Why The Future Doesn't Help Me Now
A lot of people told me during the divorce that things were going to be a lot better in just a few more weeks or months or years. If I just got through *this part* then I was going to be really happy with the part that came after.
I tried to believe these people. At least, I tried for a while. But it took a lot longer than even my wildest estimates and it cost more both in numbers and in terms of my energy and my mental health. I’m not sure that it was clear that I was going to ever get to the other side of this. I’m not always sure that I’m glad that I got here, either.
Mostly, I want to try to explain kindly to people who say that it’s going to get better that IT DOESN’T MATTER. The future is not now. I cannot buy food with money I will have in the future. I can’t drive a car I will have next year. I can’t make myself feel secure with promises that may or may not ever come to pass.
Also can I just say that you have no idea what will happen in my future. Even if you have faced something similar to what I have, you still don’t know. No one knows. Because it is the future.
What it ends up feeling like is you telling me that it’s not that bad, that I should stop feeling so bad right now because my worries are really small and childish.

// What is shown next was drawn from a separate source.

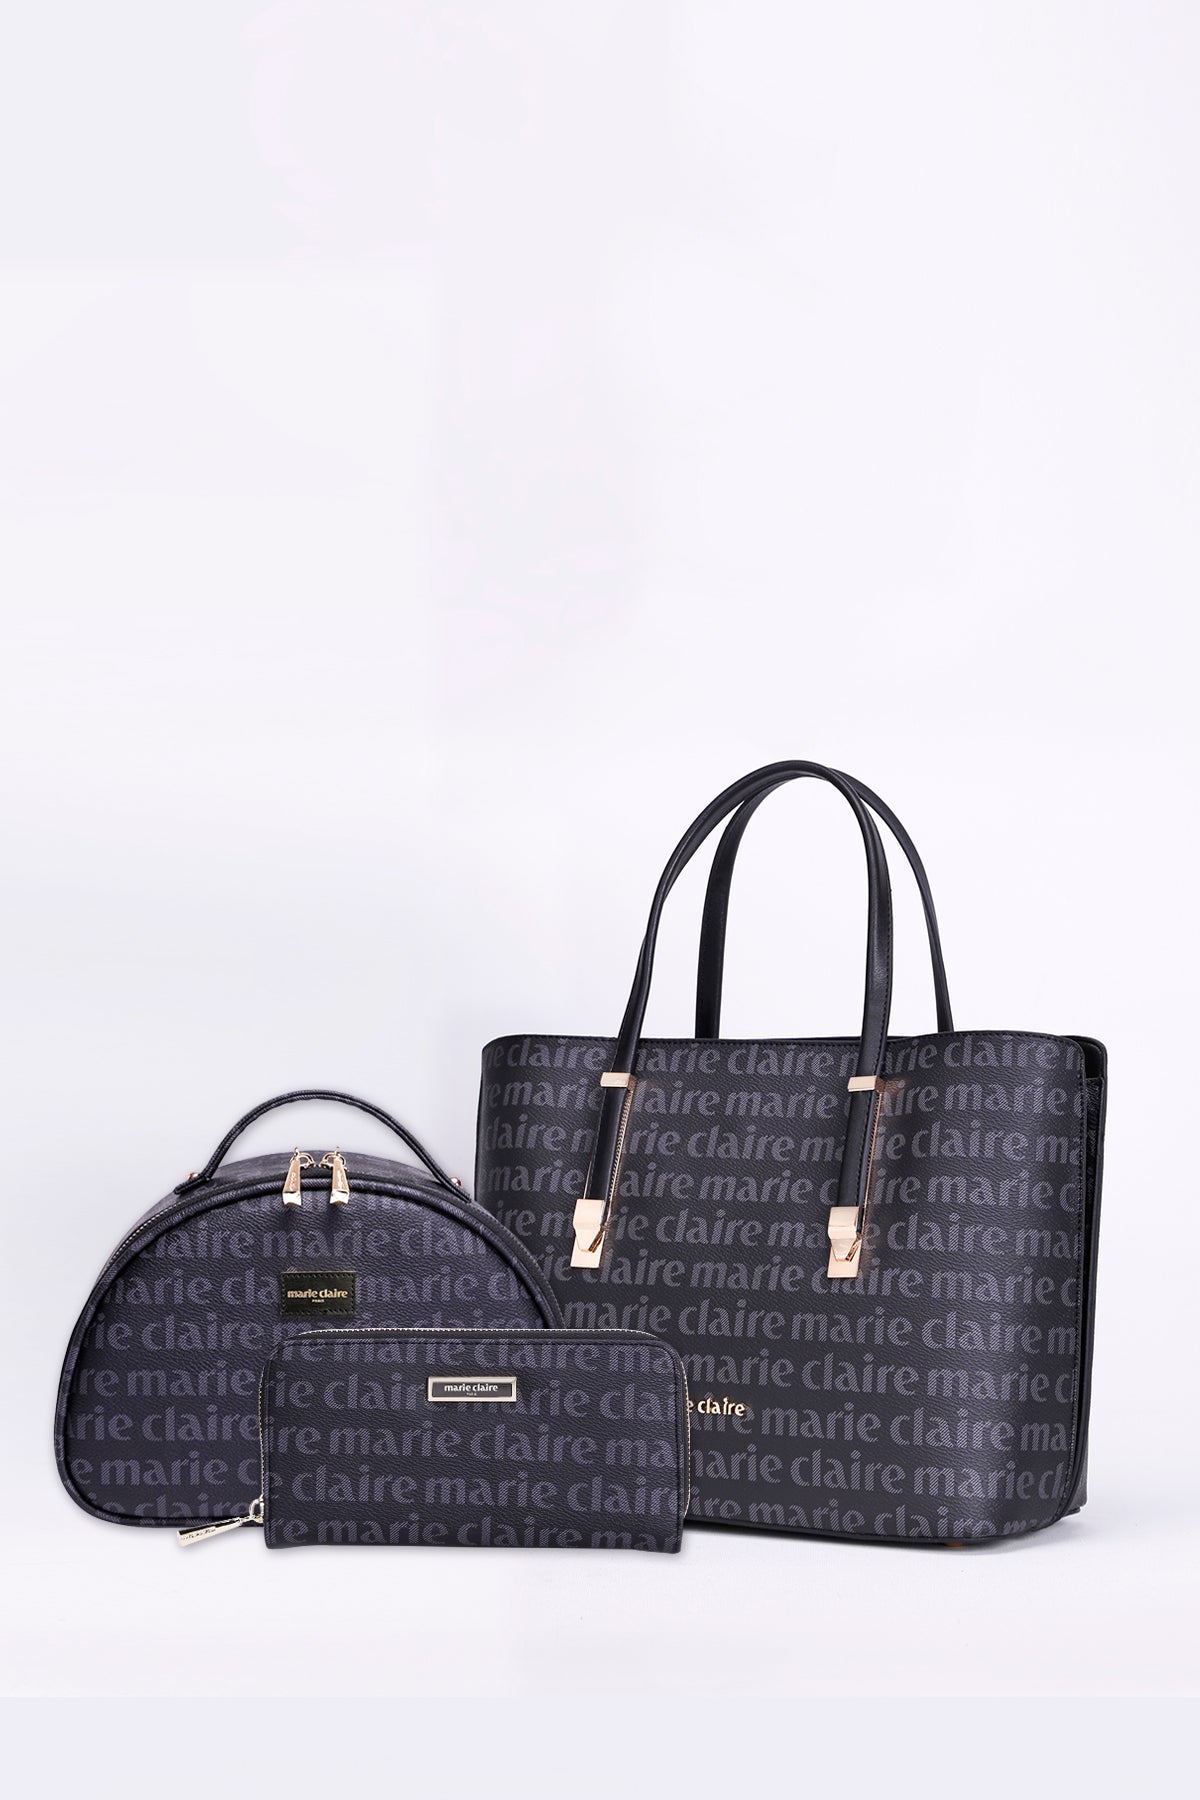 Marie Claire Burgundy Women's Messenger Bag Suzy Artificial Leather Casual  Adjustable Satchel Women Handbag Fashion Stylish price in Dubai, UAE |  Compare Prices

I remember another (male) parent telling me years ago that he got tired of hearing his kids complain about their problems. Because childhood friendships and elementary school grades and falling off your bike as a kid and hating your siblings—those were childish things that wouldn’t matter to you when you were an adult. So how could he take them seriously, even when his kids did?
But I had been told so many times as a kid that my childhood problems didn’t matter to adults that I had vowed to myself that I would never treat any child’s problems like that. To me, even as a parent, my kids’ problems were as real to me as they were to them. Adult problems come with adult capacities. And, well, money. Kid problems are in many ways MORE real and more difficult because they can’t be solved in adult ways, only in kid ways. Most adults have forgotten this, but I tried hard not to.
Today’s problems are the only real problems for me. Whatever solutions that the future finds, those aren’t solutions for now. I may learn to live with the problems in the future. I may stop caring about those problems. But that doesn’t actually change how I feel about them now. I can’t just snap a finger and make myself not care anymore. That’s not how it works.
Maybe you just mean to give me some hope, not to dismiss my pain. Hope is sometimes a good thing. But it’s also sometimes a painful thing. Because it’s not real, and you can’t depend on hope.


I don’t think looking to the future is ever the right thing to say to a person in pain. You do hope it gets better, but it doesn’t, always.